Moreover, they have discovered an entirely new species of fungus that may pose even more challenges going forward.

“We were shocked to see that,” Srdjan Acimovic, senior extension associate at Cornell University’s Hudson Valley Research Laboratory said of the new species, and the one that had heretofore been in warmer climates. The discovery is feeding into global concerns about new plant pathogens popping up in more and more places.

New York apple growers have long contended with the standard variety of apple rot.

That would be the fioriniae species of the Colletotrichum genus of fungus.

But starting in 2016 farmers in the Hudson Valley and elsewhere were noticing a different kind of rot.

So Acimovic’s lab, along with researchers from Pennsylvania State University, Louisiana State University and the Canadian Food Inspection Agency started looking into apple crops.

The New York researchers took hundreds of apple samples in 2017 and 2018 from Ulster, Dutchess, Orange, Westchester, Greene, Columbia, Suffolk and Albany counties.

As expected they found the C. fioriniae species, which still accounts for about 60 percent of the fungal samples.

But they also found the warm climate species, C. chrysophilum in 25 percent.

And the entirely new species, C. noveboracense was in about 12 percent.

The species is named for New York in Latin and was described Monday in the journal Scientific Reports. It is similar to the warm weather species.

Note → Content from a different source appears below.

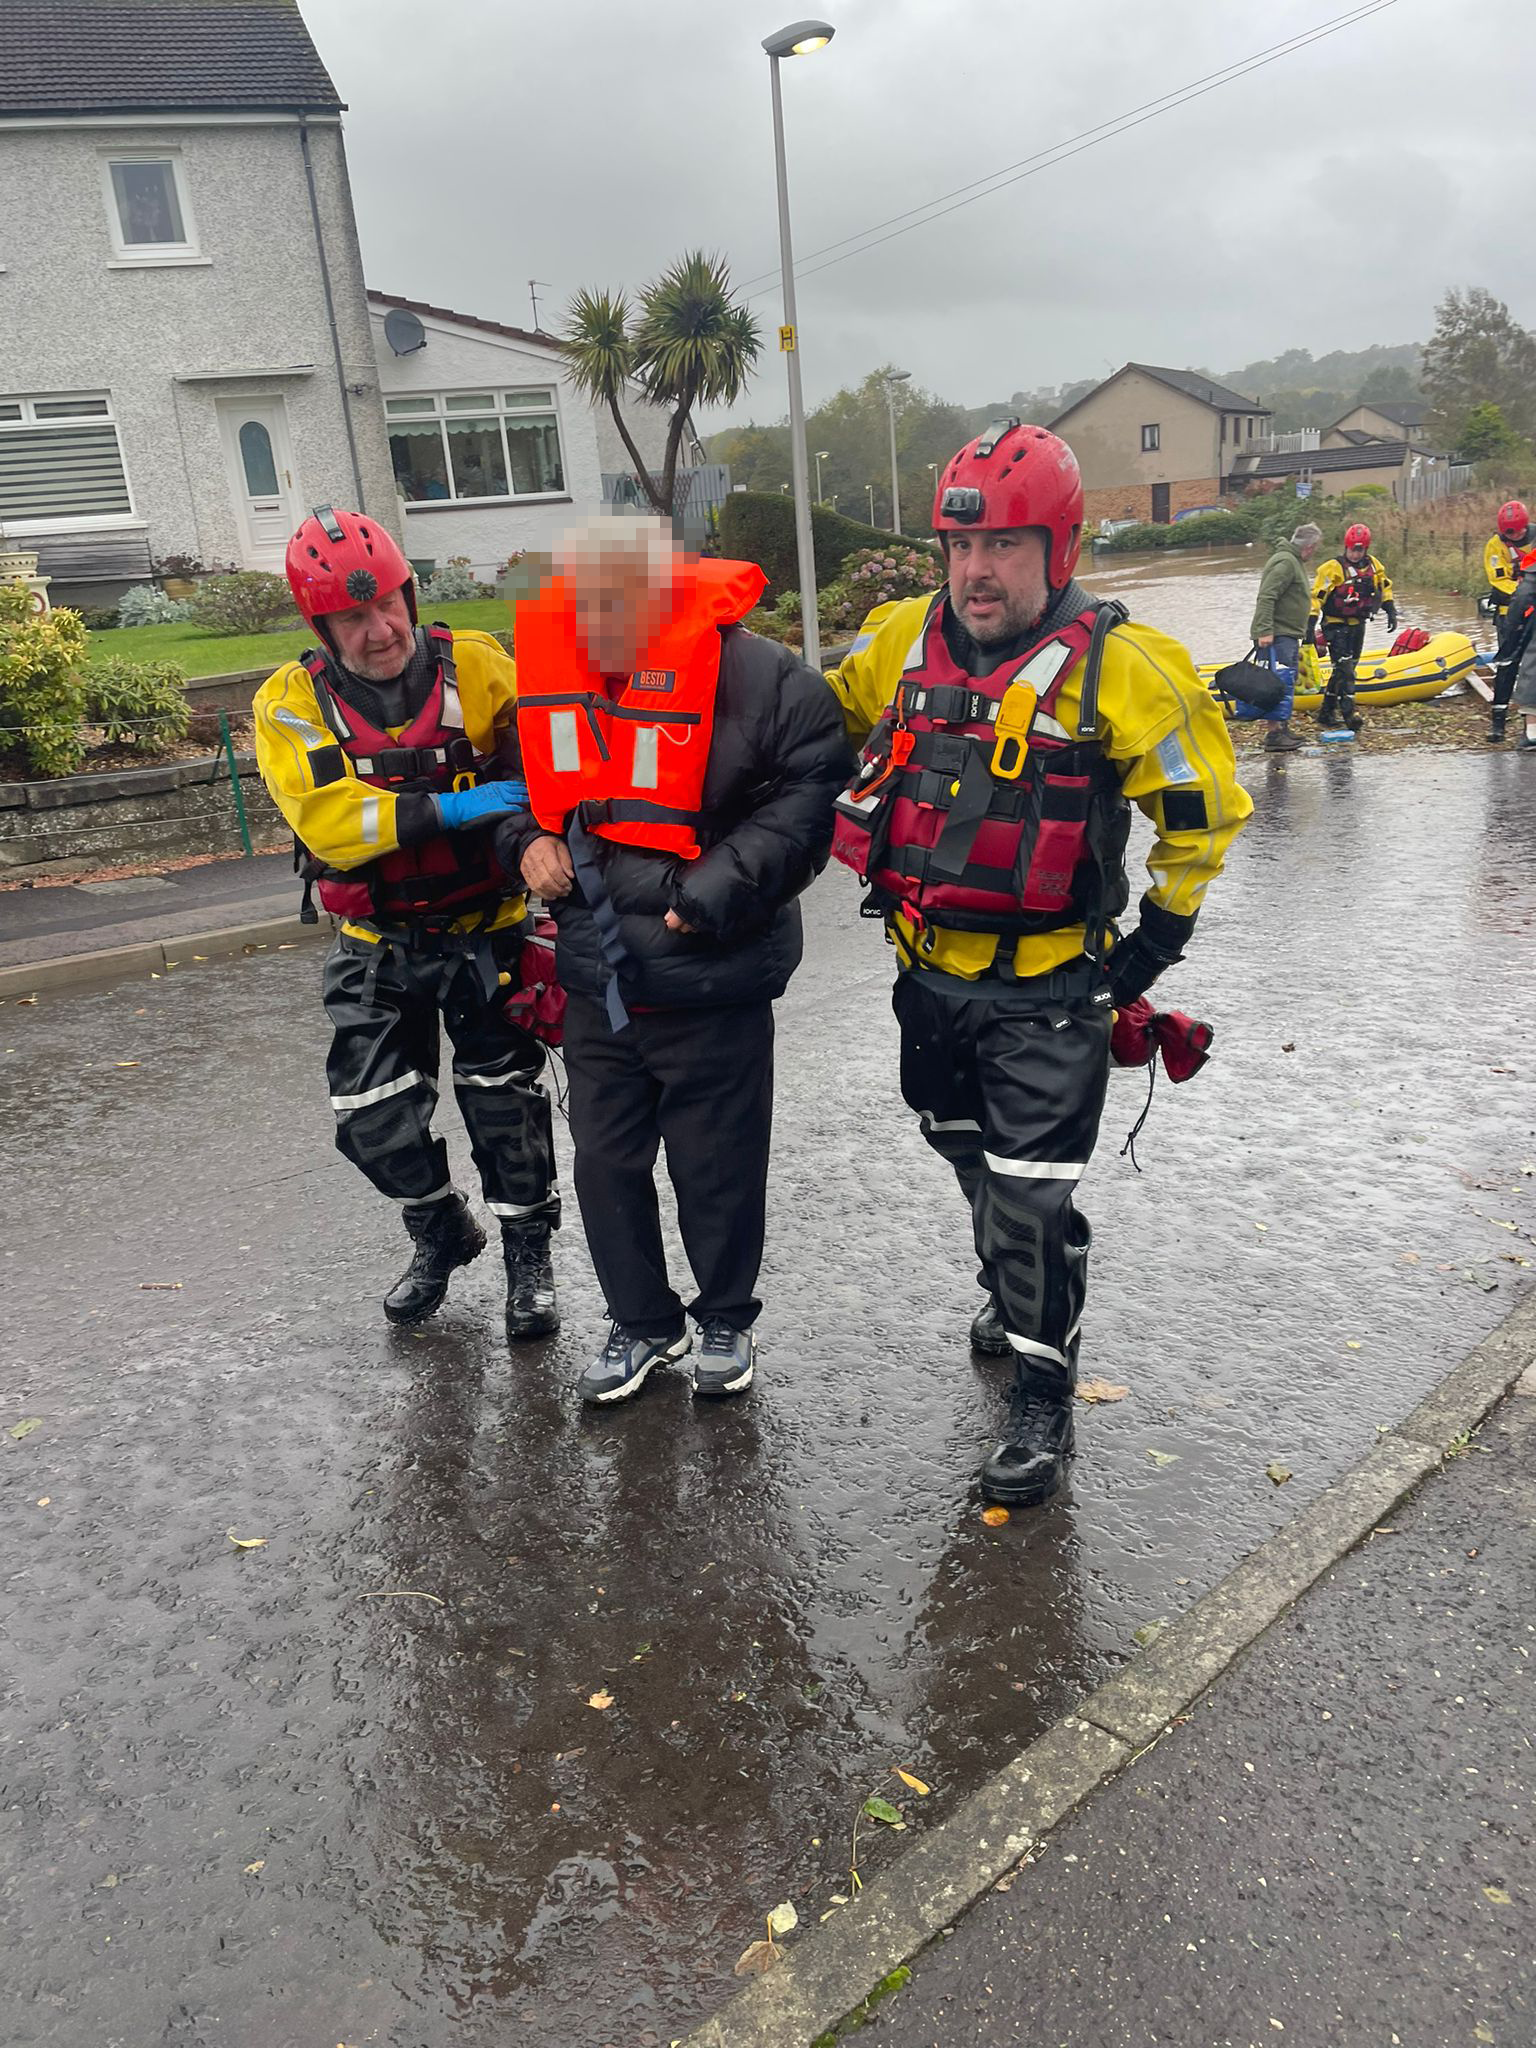 Two Coastguard officers help a person caught in Storm Babet floods
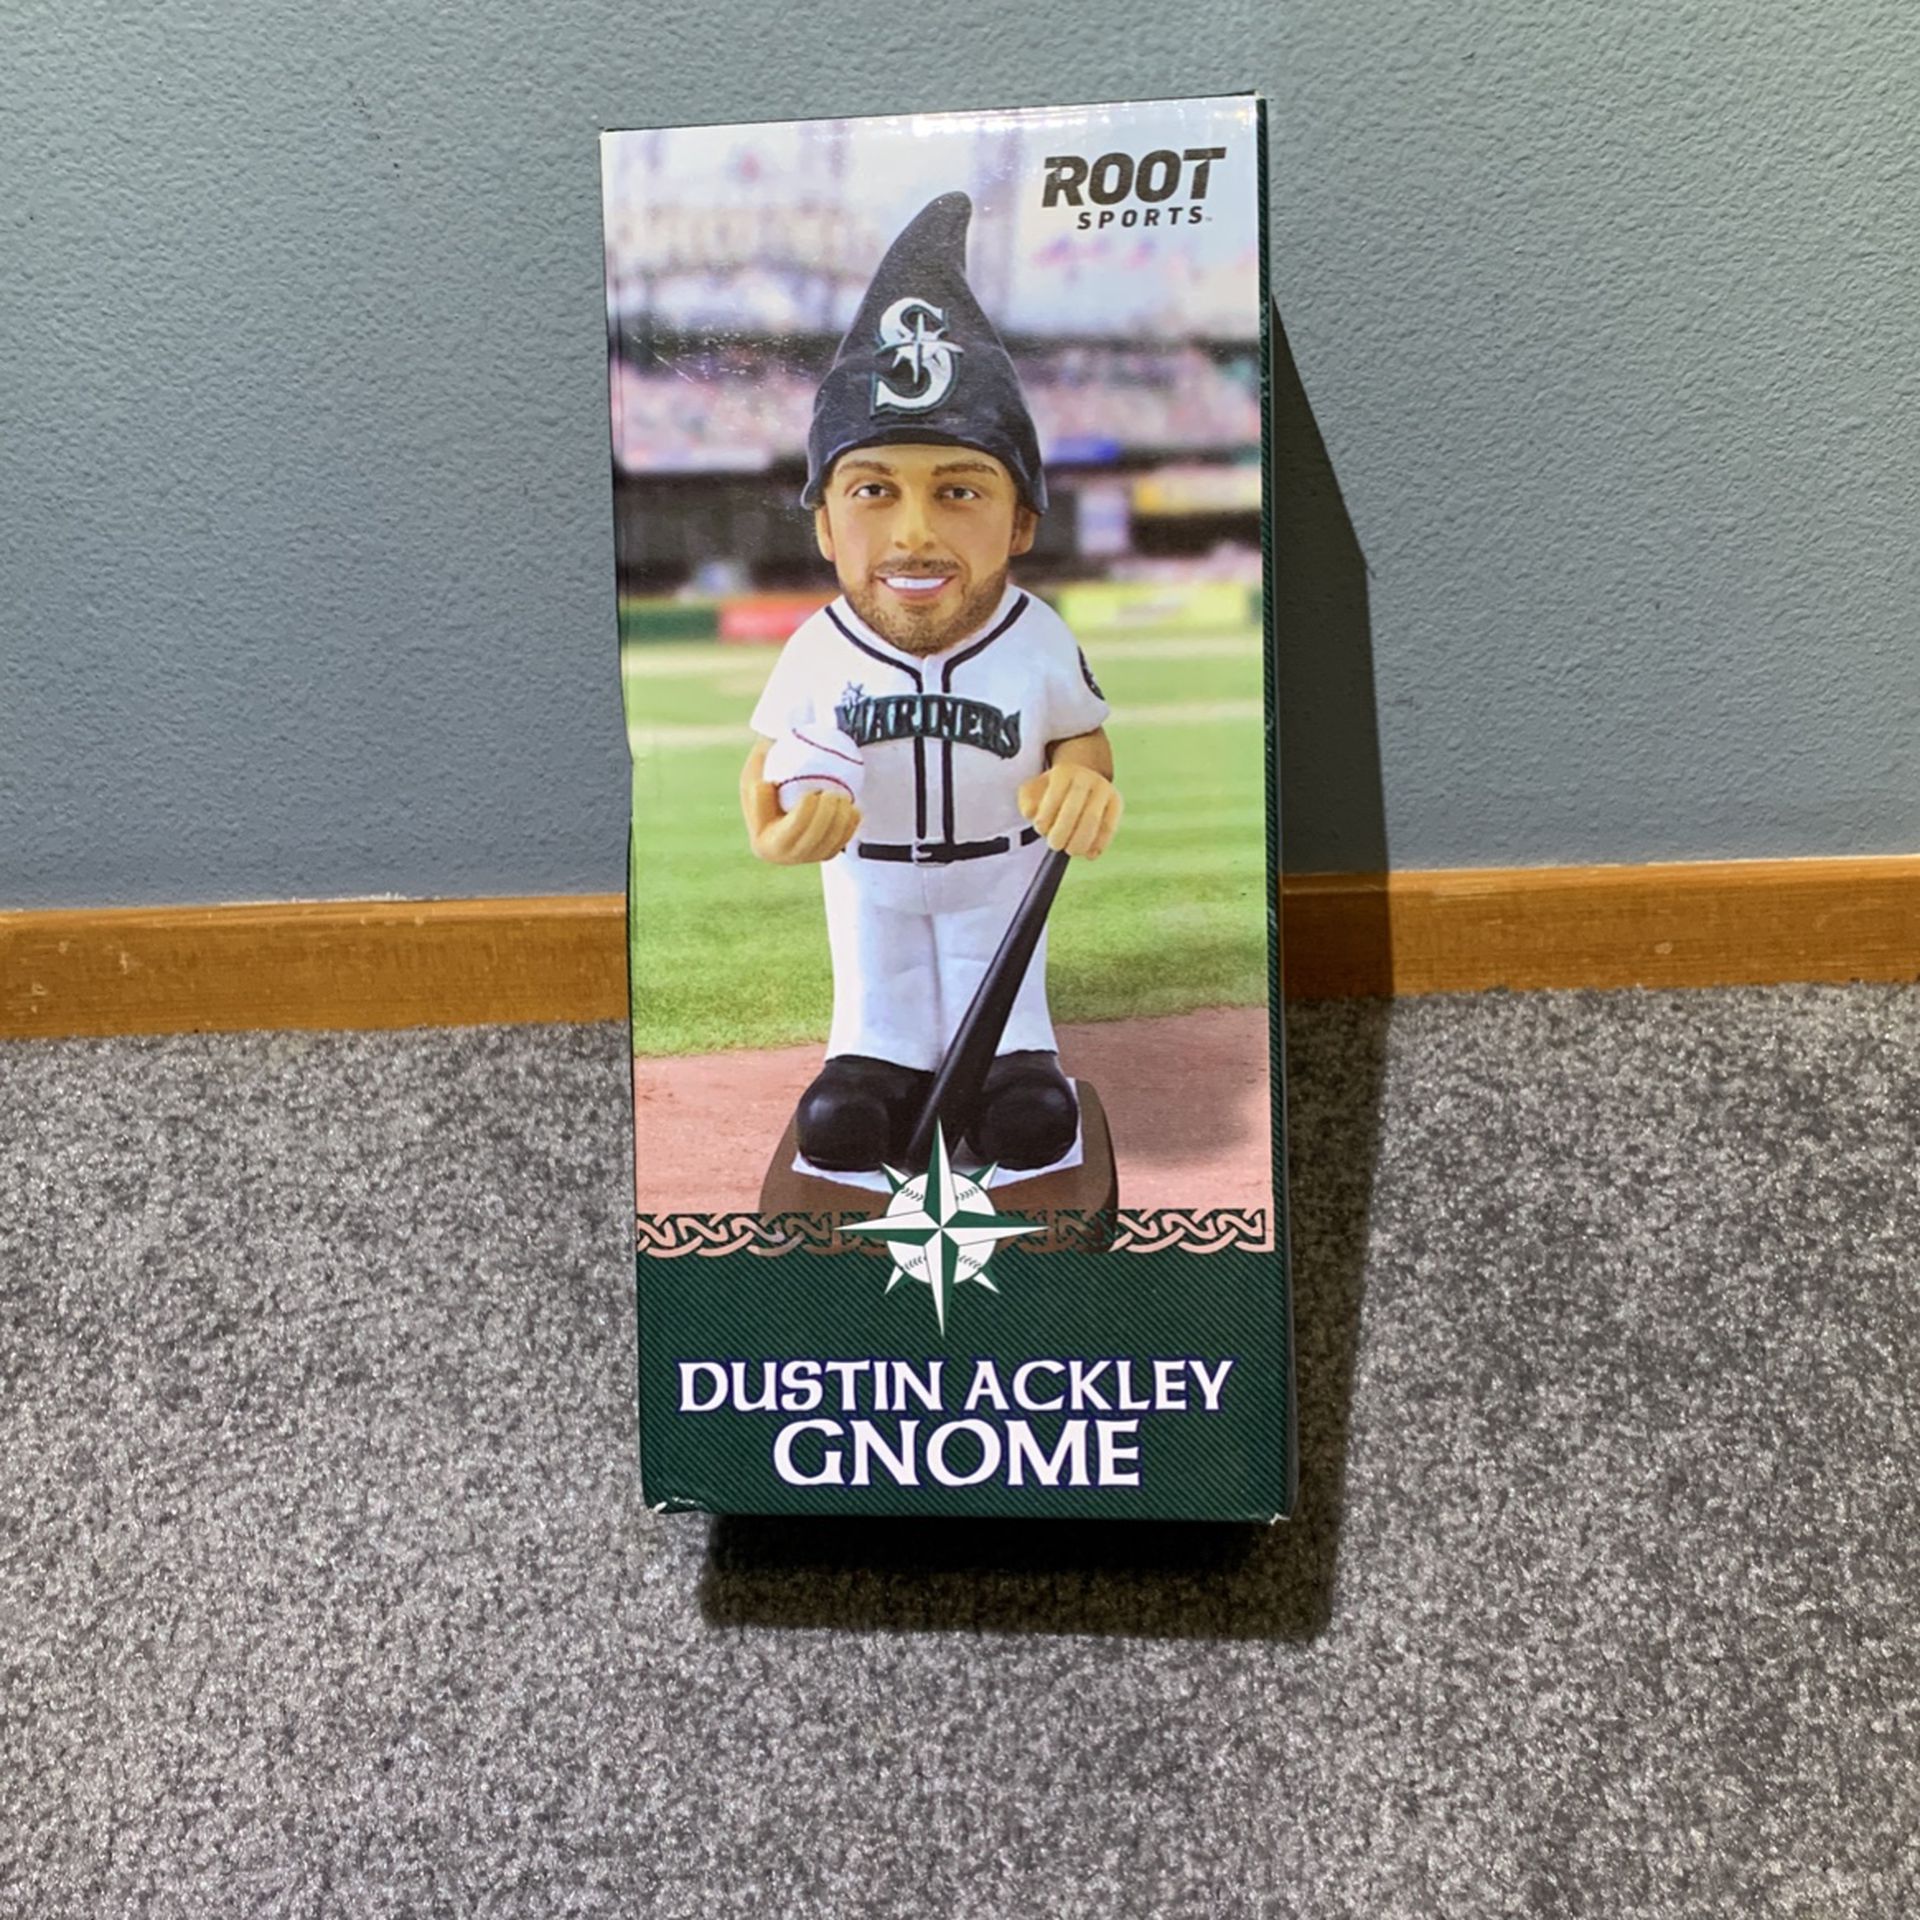 Seattle Mariners Dustin Ackley Gnome for Sale in Covington, WA - OfferUp

“It will just abruptly show up in the orchard right about mid-July or earlier,” Acimovic said of the fungal pathogens.

Now that these fungi have been found in New York, researchers will look at potential fungicides to manage them.

They will also begin examining the DNA of the new species in efforts to breed apples that are resistant to the rot.

While C. chrysophilum comes from a historically warmer climate, it’s hard to quantify the extent to which global warming has caused it to show up in New York apple orchards.

But the northward progression of other forms of biomass, such as ticks, is well-known.

And, Acimovic said the concern about new fungal variants is global.

“Papers are really popping up on a monthly basis,” he said of scientific journals including those in Australia and Asia that are starting to document the apple rot.

All told, these fungal species can cause crop losses of up to 25 percent for farmers. For organic growers it can be close to 100 percent, said Acimovic.

At 29.5 million bushels per year, New York is the nation’s second-largest apple producing state behind Washington. That’s worth an estimated net income of $260 million for Empire State farmers, according to federal statistics.

There are 600 commercial growers and about 700 orchards in the state.